GLM Edge: Smart Spectrum Releases End-Side Large Language Model and Multi-Modal Understanding Model for Mobile, Car and PC Platforms

Latest AI Resources8mos agorelease AI Sharing Circle

1.7K 00

General Introduction

GLM-Edge is a series of large language models and multimodal understanding models designed for end-side devices from Tsinghua University (Smart Spectrum Light Language). These models include GLM-Edge-1.5B-Chat, GLM-Edge-4B-Chat, GLM-Edge-V-2B, and GLM-Edge-V-5B for mobile, car, and PC platforms, respectively.The GLM-Edge family of models focuses on ease of practical deployment and speed of inference while maintaining high performance, and excels in the Qualcomm Snapdragon and Intel platforms in particular.

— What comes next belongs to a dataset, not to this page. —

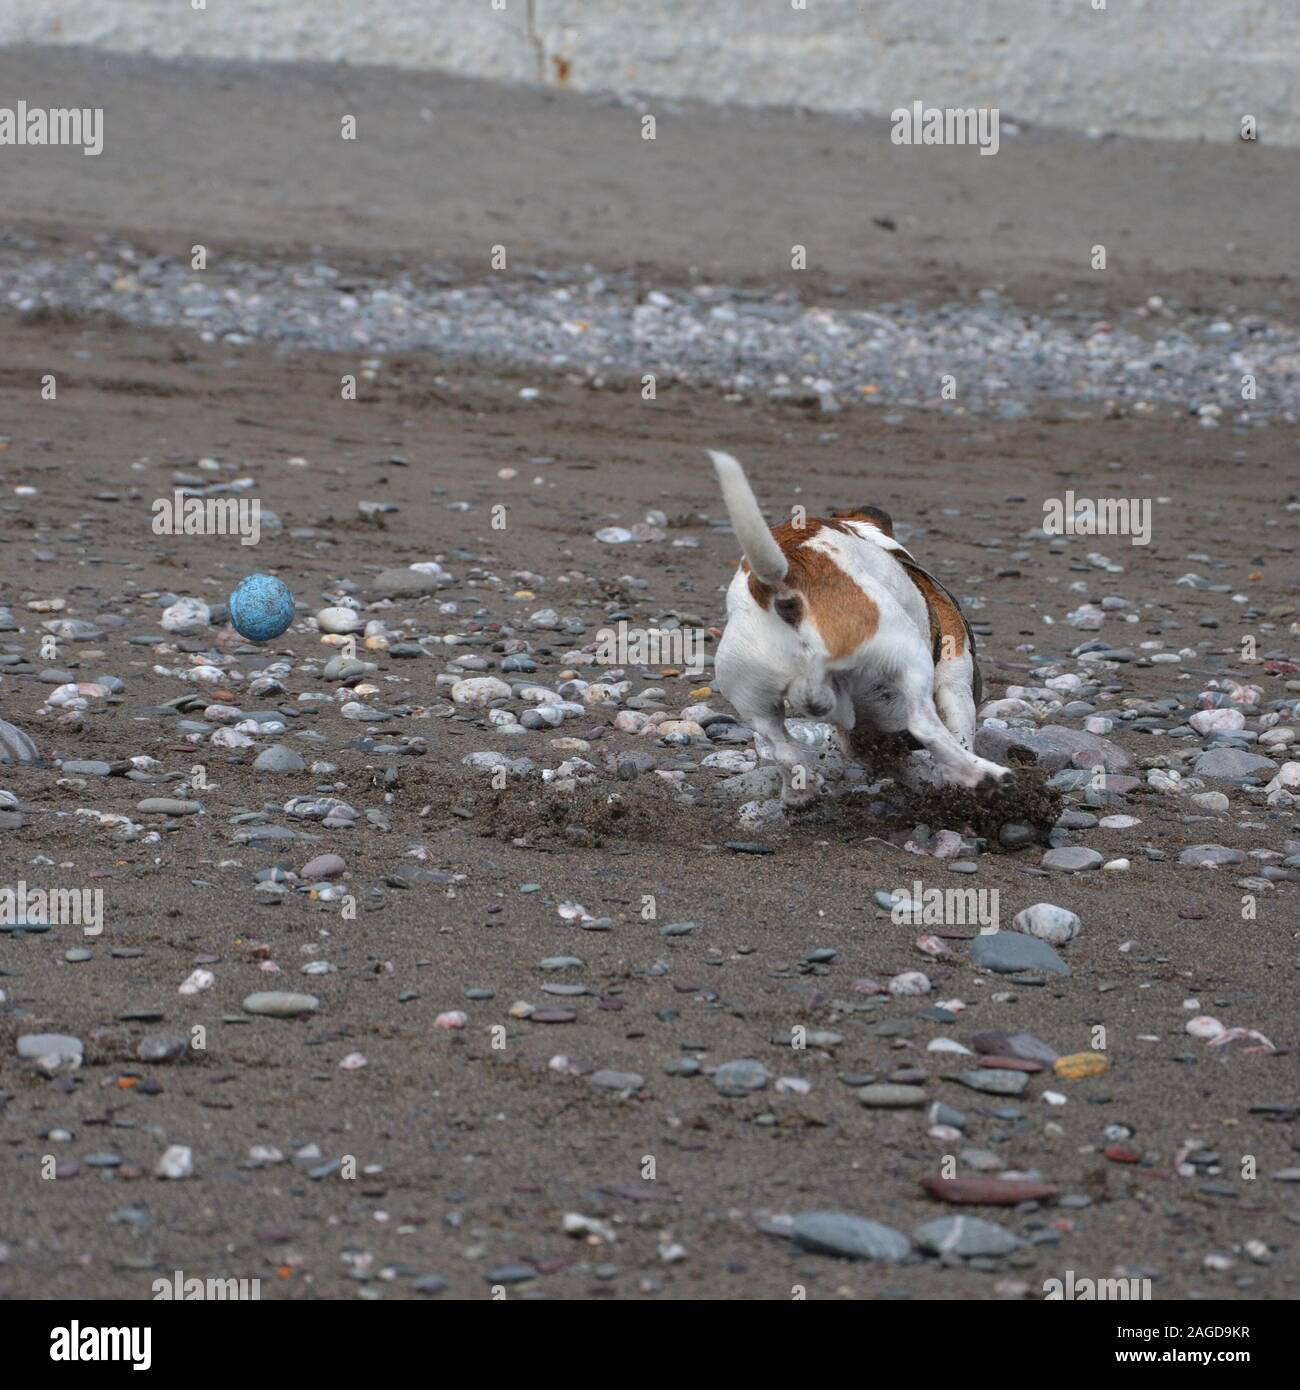 Un livre blanc et tan Jack Russell Terrier dog joue sur une plage de galets, et tourne vite, le patinage sur le sable, pour essayer d'attraper une balle bleue qui rebondit Banque D'Images

The GLM-Edge series models focus on ease of deployment and inference speed while maintaining high performance, especially on Qualcomm Snapdragon and Intel platforms. Users can download and use these models through Huggingface, ModelScope, etc., and perform model inference through various inference backends (e.g., transformers, OpenVINO, vLLM).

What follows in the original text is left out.